Na Peekaboo ISeeU Limited Edition, a decoração gráfica acrescenta um controlo adicional: as extremidades do desenho devem manter-se nítidas mesmo onde a pele dobra, porque são realizadas na própria pele e não numa película aplicada.

O que não prova nada

Sacos para o pó, etiquetas, porta-chaves e caixas reproduzem-se facilmente e circulam separadamente das malas: são vendidos online por si só. Nem sequer um recibo de boutique certifica o conteúdo da caixa. Pela mesma razão, o código interno isolado, lido sem observar o acabamento, não constitui prova.

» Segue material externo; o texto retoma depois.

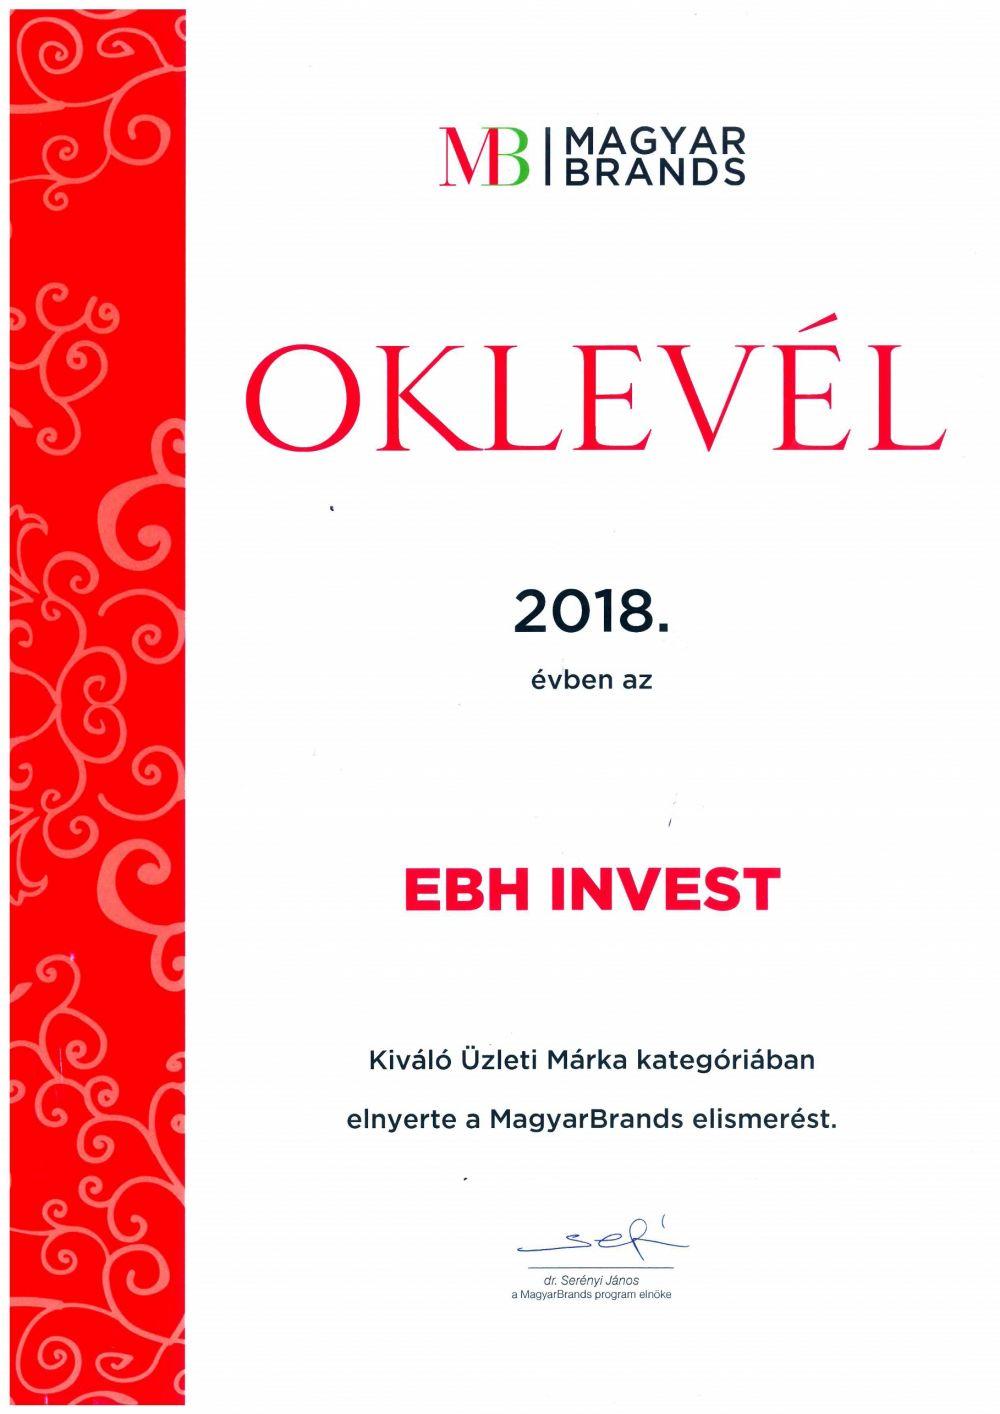 Az EB HUNGARY INVEST Kft. immár kétszeres díjazott a MagyarBrands üzleti kategóriában.

A verificação fiável é a que combina o exame físico com uma confirmação independente. Cada peça que comercializamos é entregue com um certificado de autenticidade Entrupy ou LegitGrails, consoante a marca e o modelo: é a mesma lógica aplicada às outras marcas, como nas verificações descritas para reconhecer uma mala Gucci original.

Na mala usada, depois da autenticidade

Verificada a proveniência, restam dois pontos que influenciam o preço mais do que se pensa. O primeiro são os cantos inferiores: na Baguette e na Peekaboo são os pontos de apoio e mostram o desgaste antes de todo o resto. Peça uma fotografia aproximada dos quatro cantos e da base, não apenas uma vista frontal.

O segundo é a eficácia do fecho magnético da Baguette. Com o uso, o íman perde força e a aba fica entreaberta: é um defeito que não se vê numa fotografia e que condiciona o uso diário. Pergunte explicitamente se a aba fecha e se permanece fixa com a mala cheia.

Numa peça descontinuada, estes dois pormenores explicam, por si só, diferenças de centenas de euros entre dois exemplares aparentemente idênticos.